INPUT below:

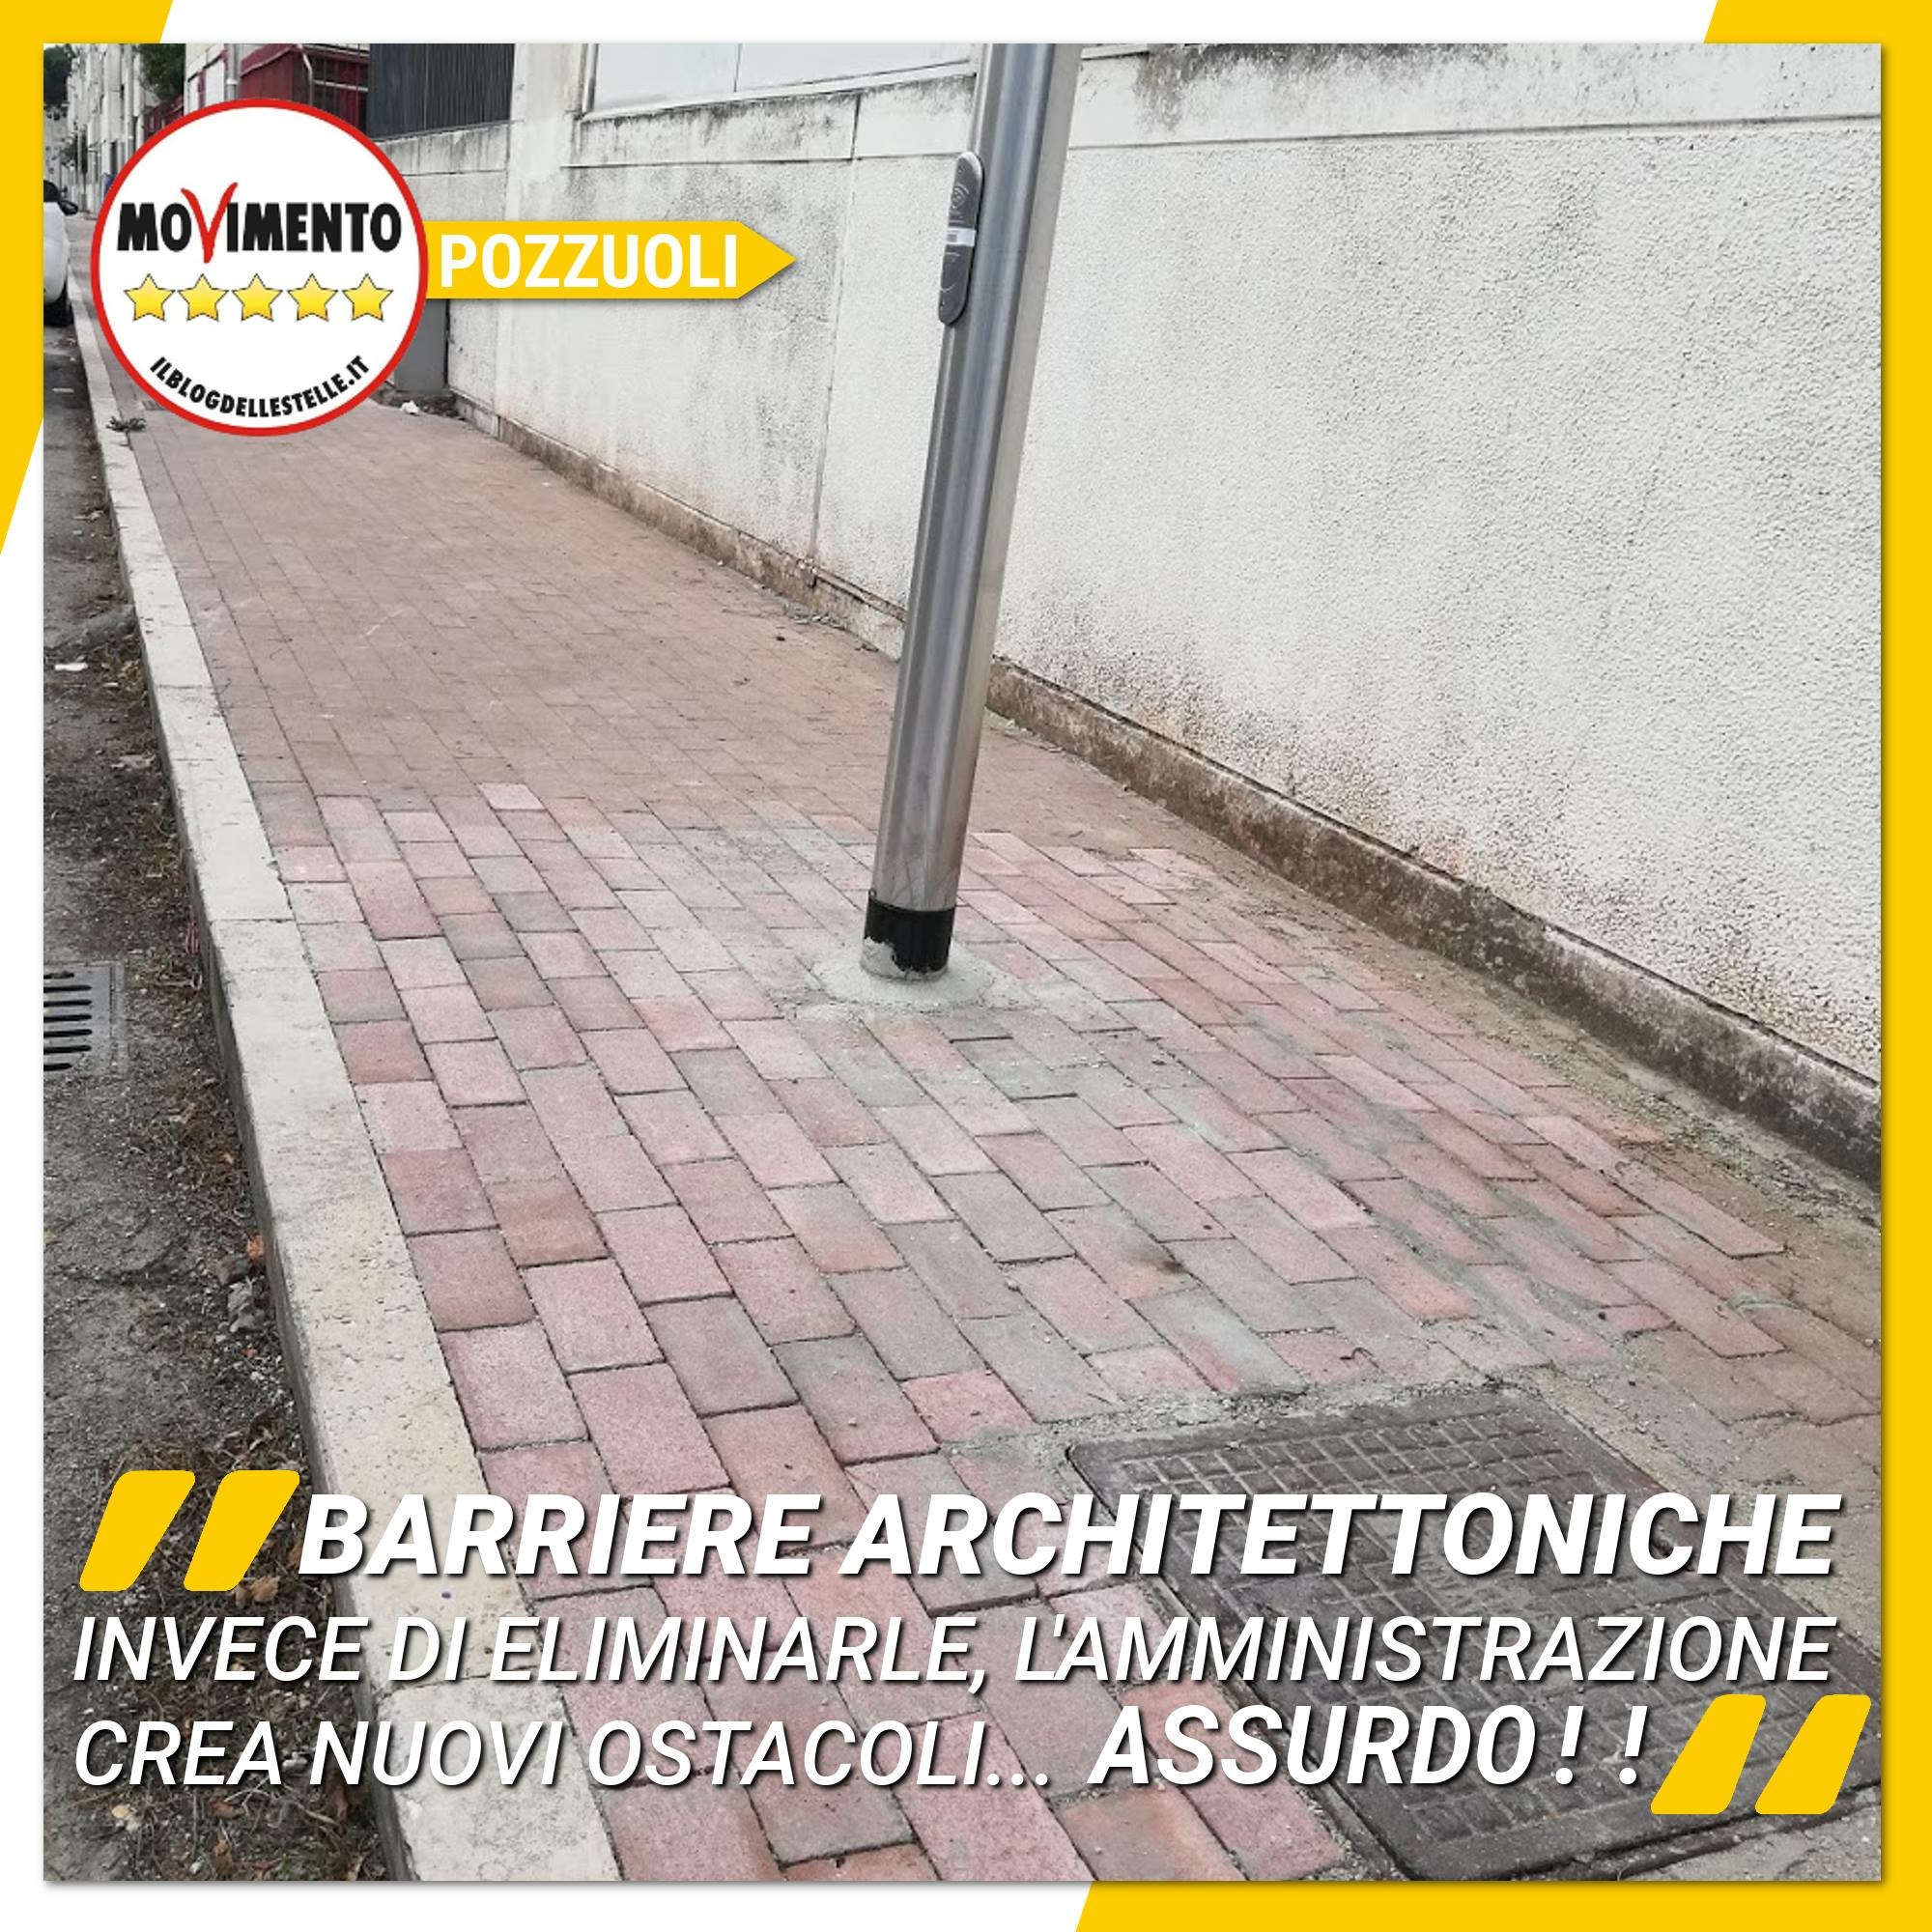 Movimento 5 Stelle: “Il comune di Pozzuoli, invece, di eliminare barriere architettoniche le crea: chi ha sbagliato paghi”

End of INPUT.
INPUT below:

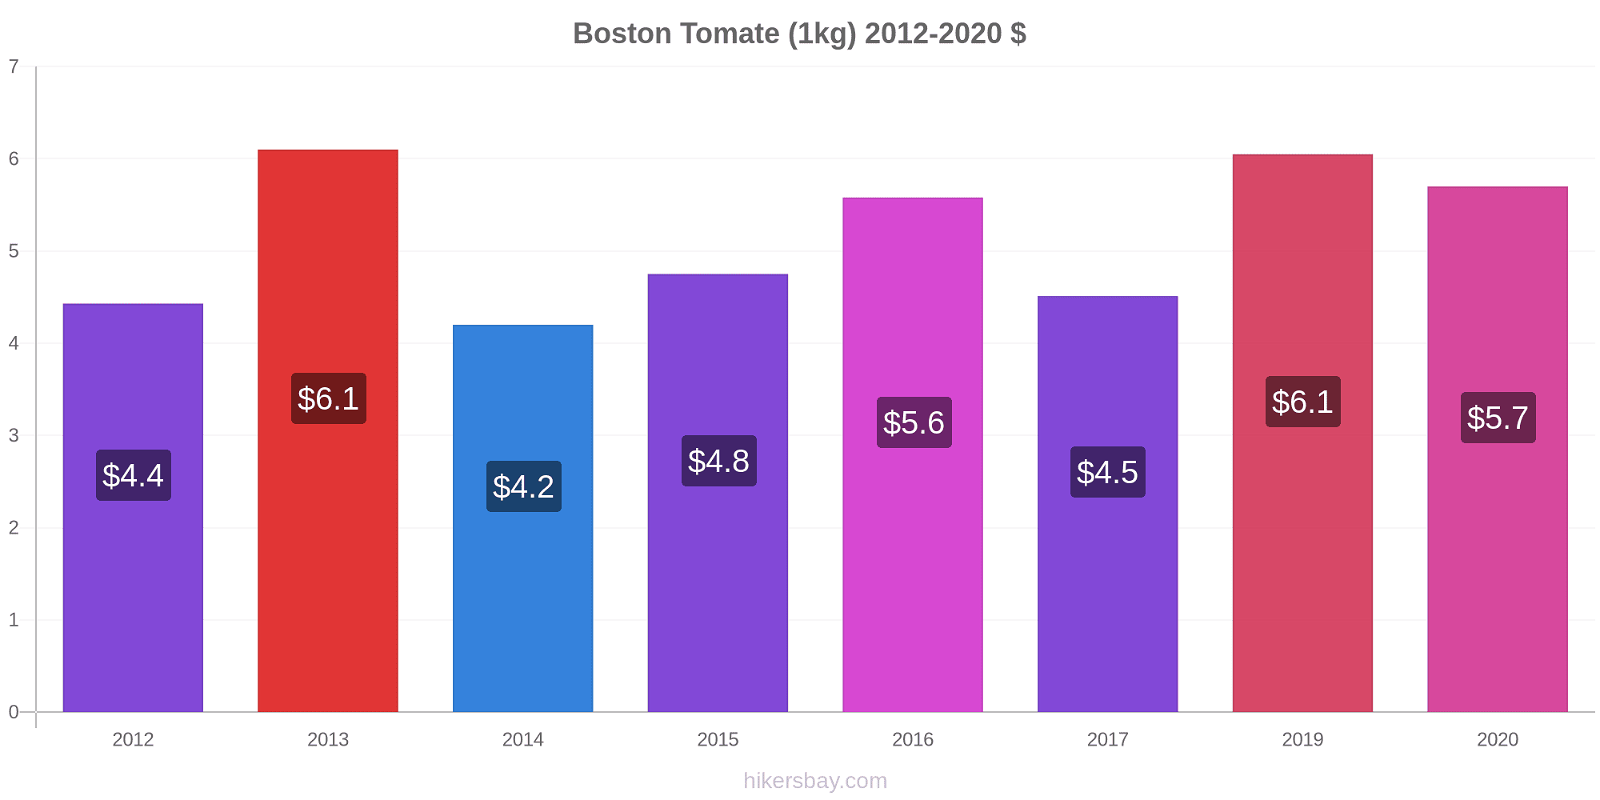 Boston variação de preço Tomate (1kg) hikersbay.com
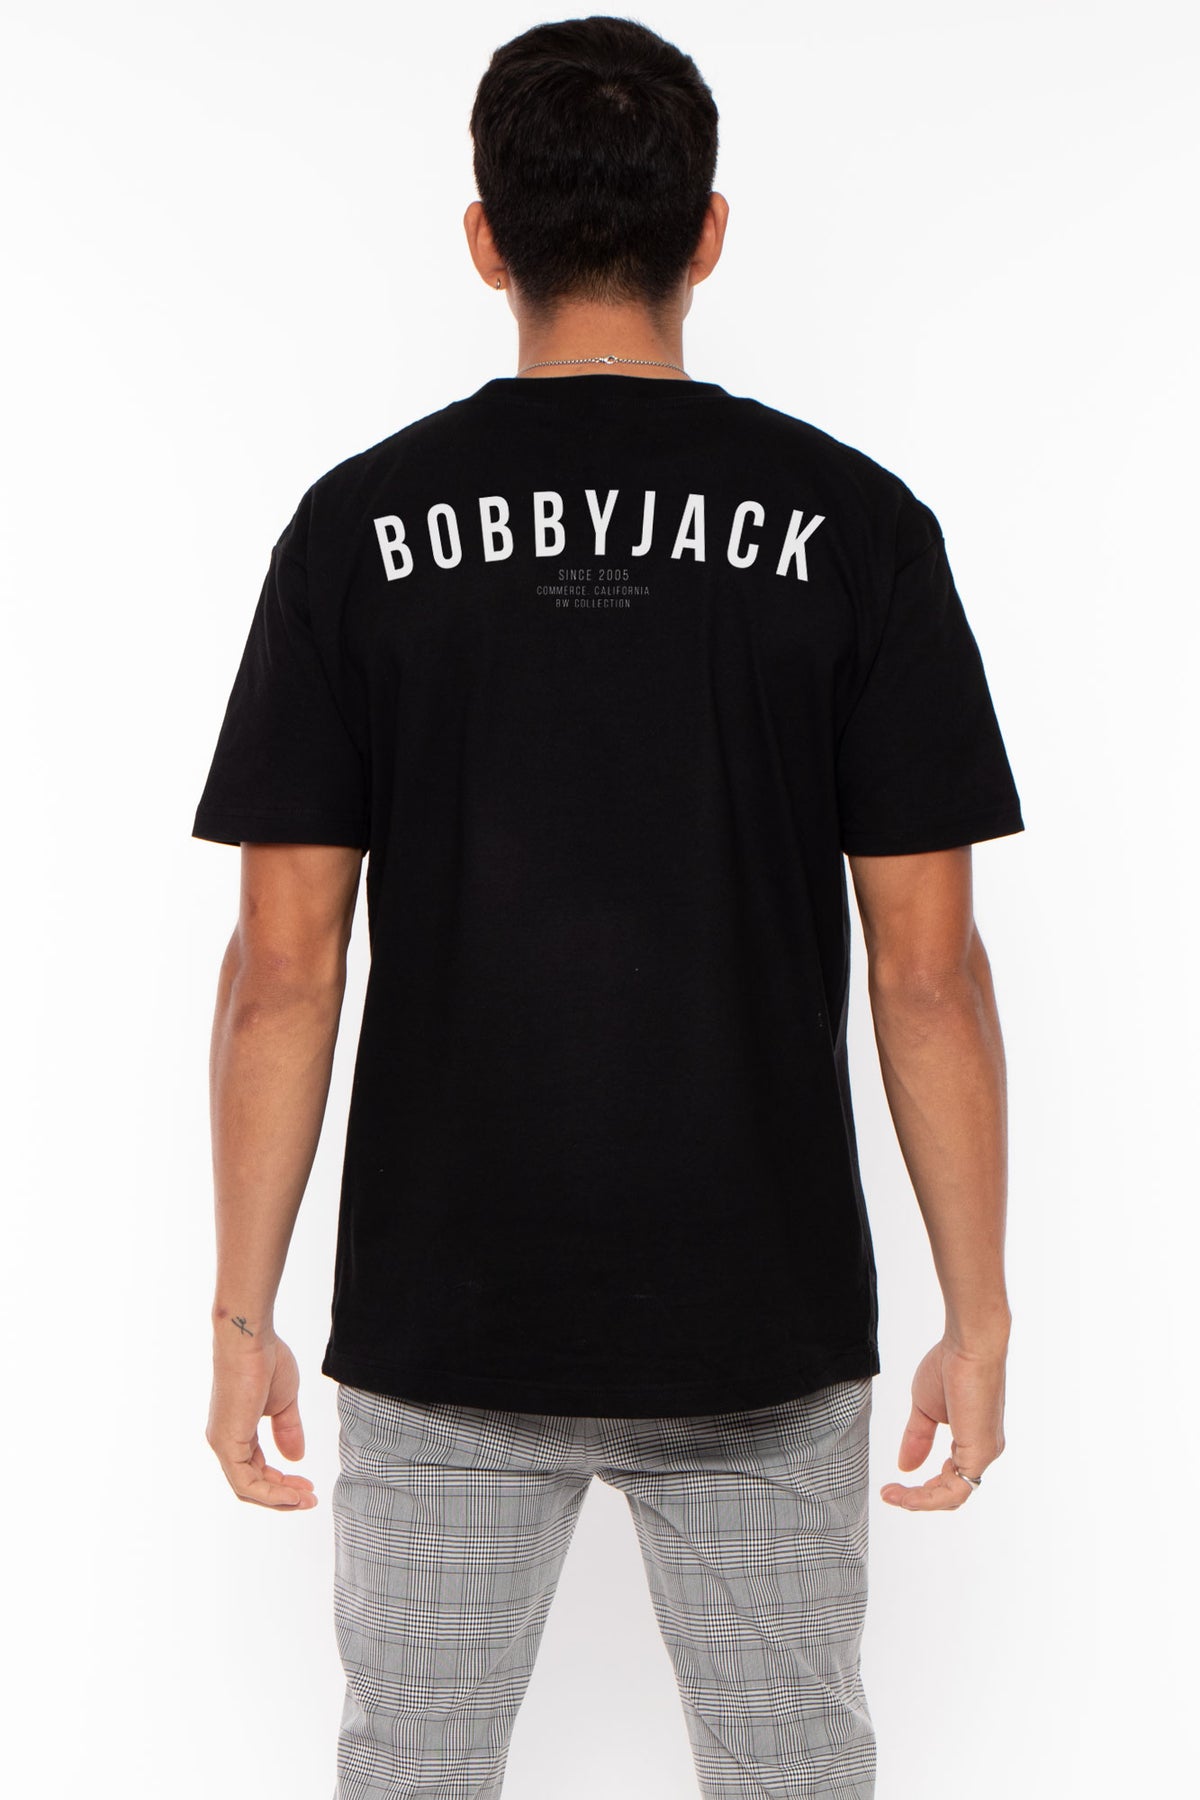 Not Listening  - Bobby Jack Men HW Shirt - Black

End of INPUT.

REQUIRED ACTION
From the line holding "Boston variação de" to the line holding "Shirt - Black", both included, retype the entries above exactly and drop the pictures.

SOLUTION TO THIS EXERCISE
 Boston variação de preço Tomate (1kg) hikersbay.com
 Not Listening  - Bobby Jack Men HW Shirt - Black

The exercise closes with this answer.